Schon damals lautete der Vorwurf, die meisten Mitglieder des Spionagenetzwerks hätten unter dem Deckmantel internationaler und UN-Organisationen agiert, nachdem Washington zuvor über die US-amerikanische Botschaft laufende Aktivitäten im Februar 2015 eingestellt habe. Und schon damals machte Mohammed Ali Al-Huthi, Mitglied des Obersten Politischen Rates der Ansarollah, deutlich, man richte sich keinesfalls gegen UN- und andere humanitäre Organisationen und sei zudem bereit, die gegen die Beschuldigten gewonnenen Erkenntnisse an eine neutrale dritte Partei zu übergeben. Kürzlich haben mehrere arabische Medien aufgedeckt, dass der israelische Geheimdienst über bezahlte Anzeigen in sogenannten sozialen Medien versucht, Opponenten der Ansarollah zu rekrutieren. Zugleich bauen die Vereinigten Arabischen Emirate in Kooperation mit Israel seit Jahren Militär- und Geheimdienststützpunkte auf mehreren jemenitischen Inseln aus.

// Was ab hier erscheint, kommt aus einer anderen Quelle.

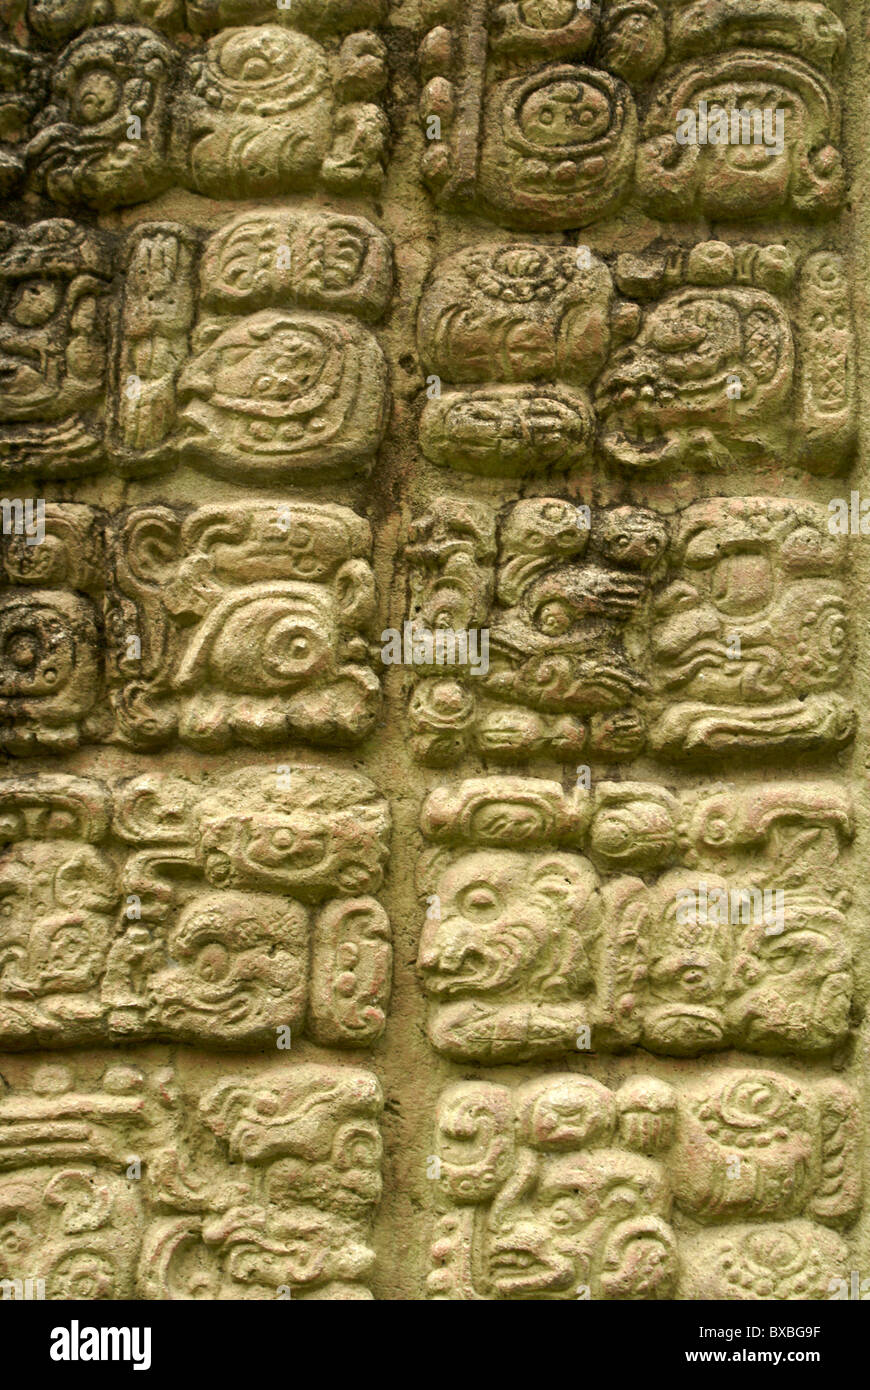 Les glyphes mayas sur une stèle au les ruines Maya de Copan, Honduras. Copan est un UNESCO World Heritage Site. Banque D'Images
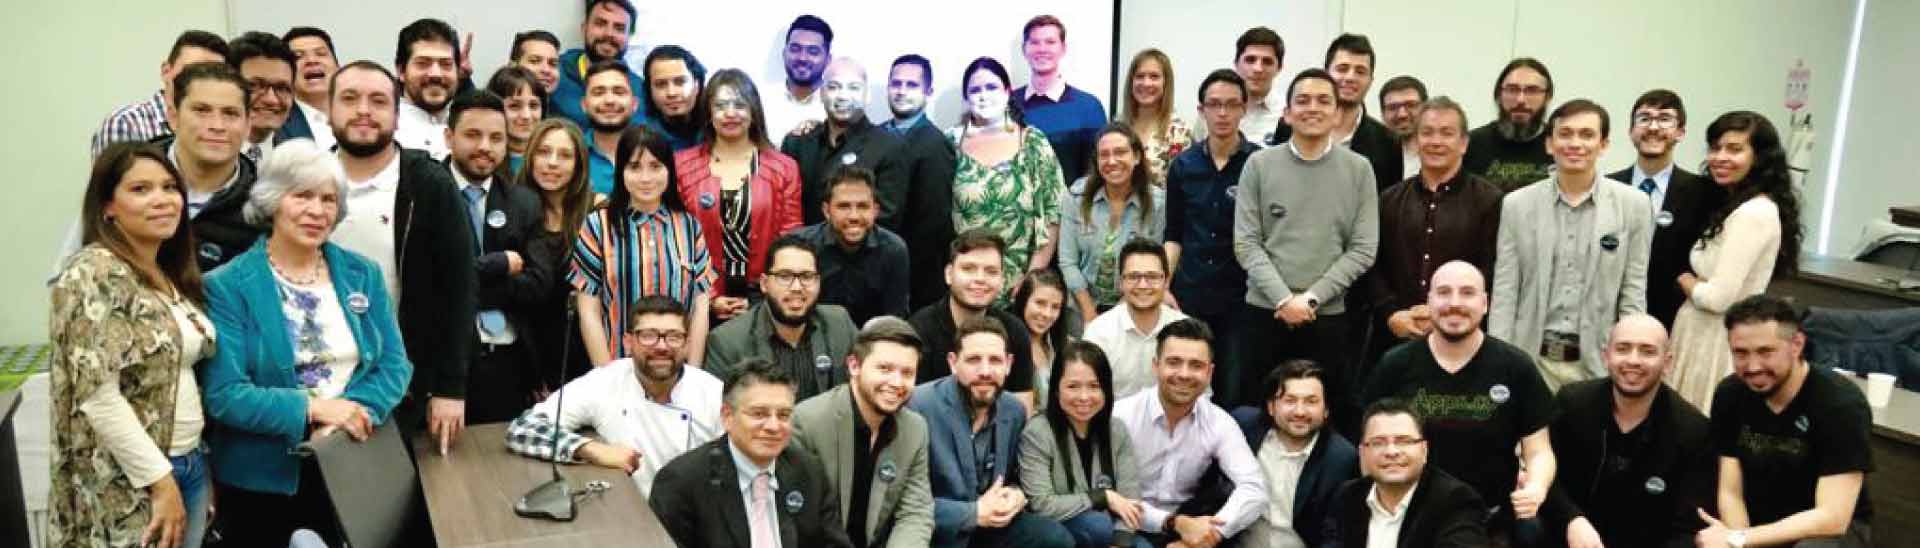 ¡Somos la primera Universidad experta en negocios digitales de Colombia!

Die Spionagevorwürfe richten sich nicht ausschließlich gegen die USA und Israel: Im Januar erklärte die Ansarollah, ein Spionagenetzwerk des britischen Geheimdienstes MI6 und des saudischen Geheimdienstes enttarnt zu haben. Dessen Ziele seien die Gewinnung von Informationen über Raketenanlagen, Militär- und Sicherheitseinrichtungen sowie die Verfolgung hochrangiger militärischer und politischer Ansarollah-Mitglieder gewesen.